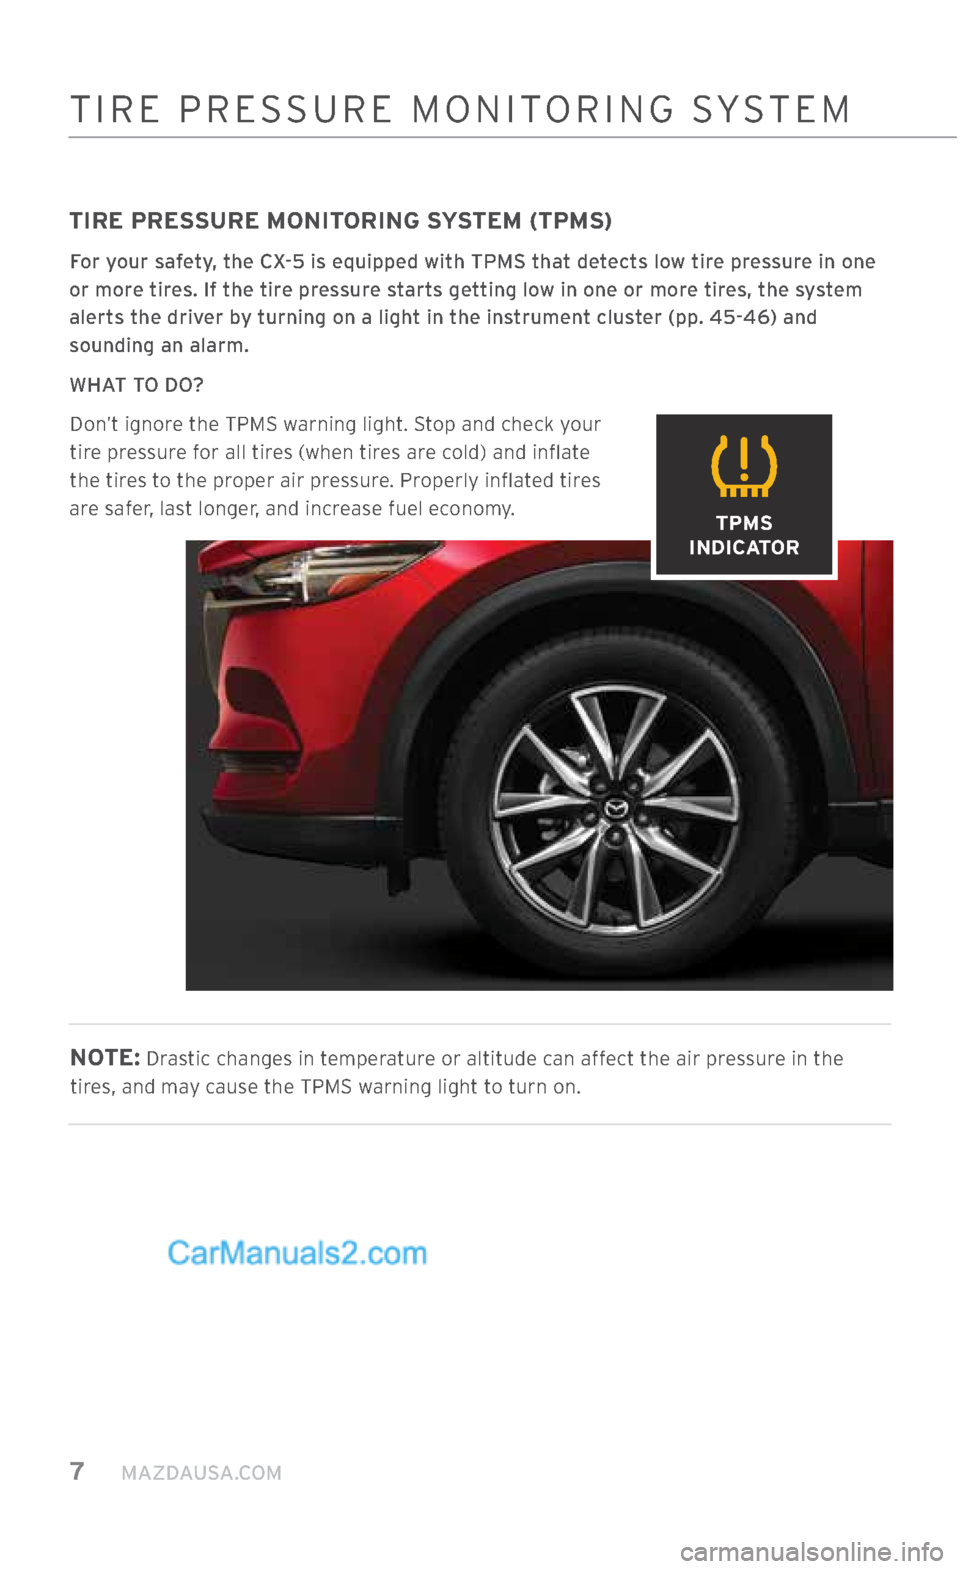 MAZDA MODEL CX-5 2017  Smart Start Guide (in English) 7     MAZDAUSA.COM
TIRE PRESSURE MONITORING SYSTEM (TPMS)
For your safety, the CX-5 is equipped with TPMS that detects low tire pressure in one 
or more tires. If the tire pressure starts getting low

* _What you will do_:
Give back the material above word for word; no picture belongs in it.

* _Output_:
 MAZDA MODEL CX-5 2017  Smart Start Guide (in English) 7     MAZDAUSA.COM
TIRE PRESSURE MONITORING SYSTEM (TPMS)
For your safety, the CX-5 is equipped with TPMS that detects low tire pressure in one 
or more tires. If the tire pressure starts getting low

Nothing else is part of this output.